Мусульмане и христиане, проживающие в Палестине, не конфликтуют между собой, а считаются союзниками. Однако пережитки прошлого все еще преобладают над здравым смыслом. Вроде бы между мусульманами, которые чтят Коран, не должно быть столько противоречий, но понятие веры здесь нередко довольно размыто, а традиции пустили крепкие корни в жизненном укладе палестинцев.

Палестинская женщина - образ собирательный. Жительницы деревень сильно отличаются от городских. Городские палестинки более образованы, с широкими интересами и взглядами на жизнь. В городе женщины одеваются по собственному вкусу, здесь влияние традиций слабое. Сельских жительниц можно часто встретить в черных абаях с вышивкой, иногда встречаются женщины в никабах.
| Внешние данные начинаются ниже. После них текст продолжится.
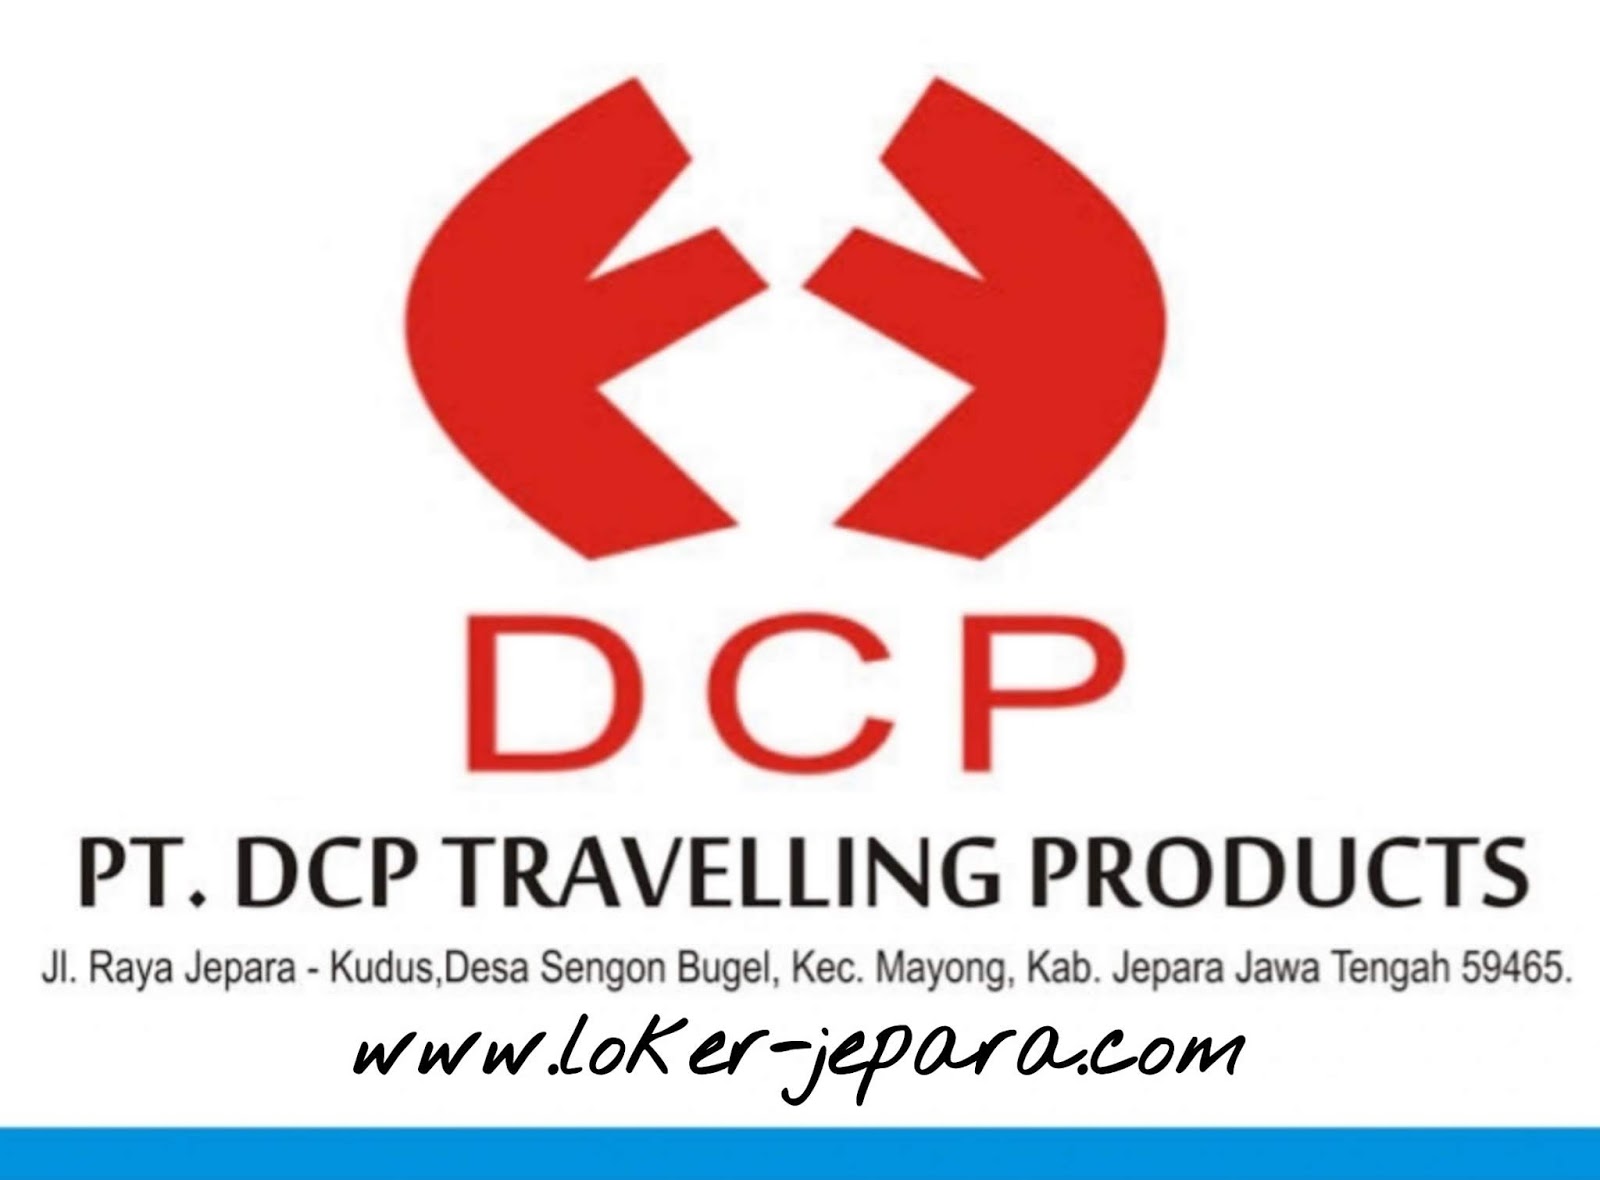 Loker Jepara Mei 2020 PT. DCP Travelling Products

Они почти все - домохозяйки, их основным развлечением являются турецкие сериалы и посиделки в женском кругу. У женщины в семье есть немалый авторитет, к ее мнению прислушиваются.
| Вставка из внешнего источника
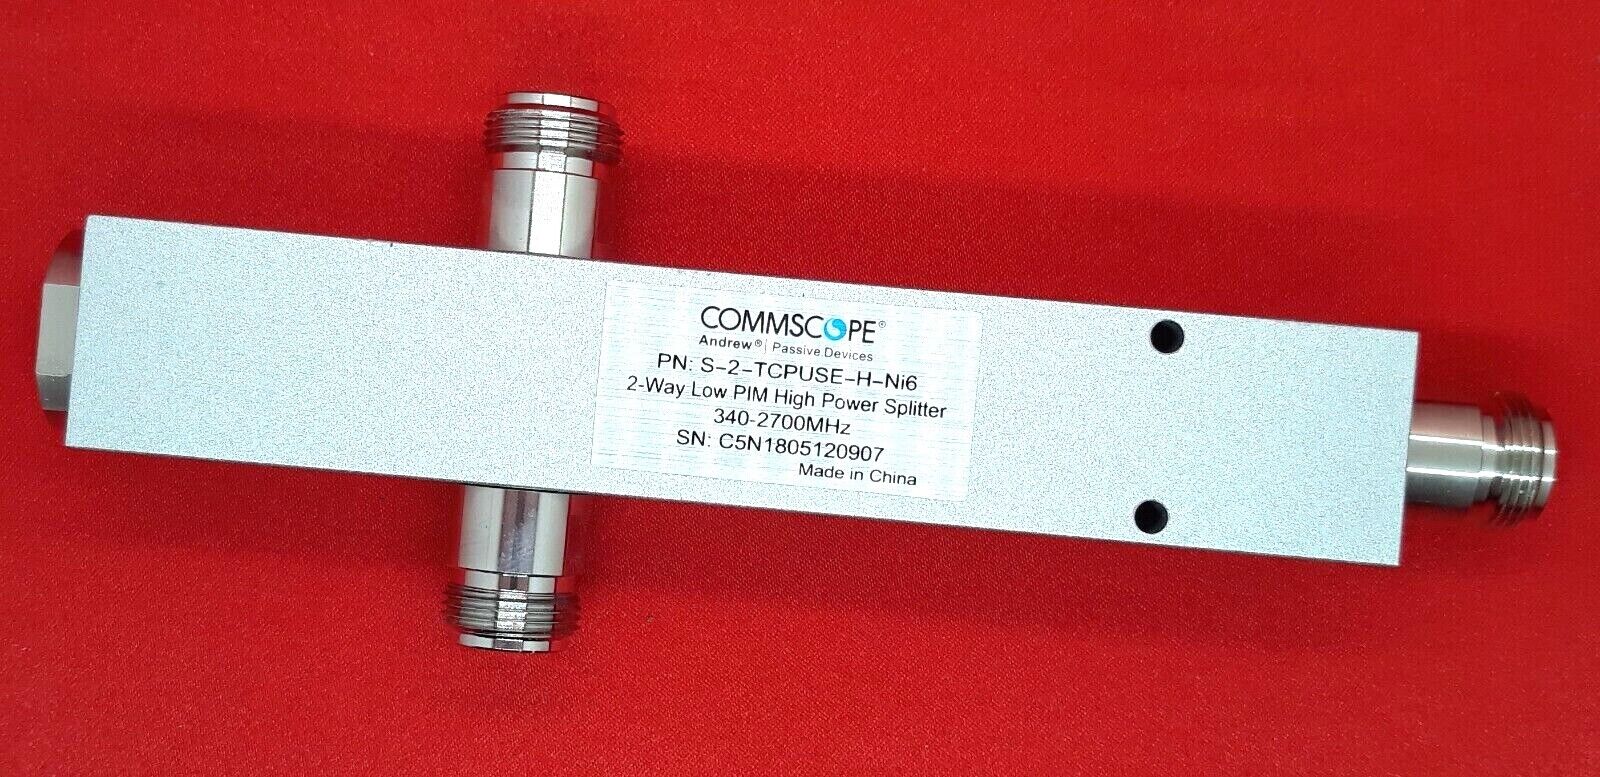 Commscope S-2-TCPUSE-H-NI6 Multiband 2-way Low PIM Reactive High Power  Splitter

У православных арабов, проживающих здесь, принято обручаться примерно за полгода до свадьбы. Православные арабы - народ шумный, но спокойный, вера у них сердечно-непосредственная. Традиций строго придерживаются, являясь людьми очень совестливыми. За церковным календарем даже не следят, им попросту живут, соблюдая посты очень строго. Если зайти к ним в дом во время поста, а на столе будет стоять скоромная пища, то они очень смутятся и начнут извиняться.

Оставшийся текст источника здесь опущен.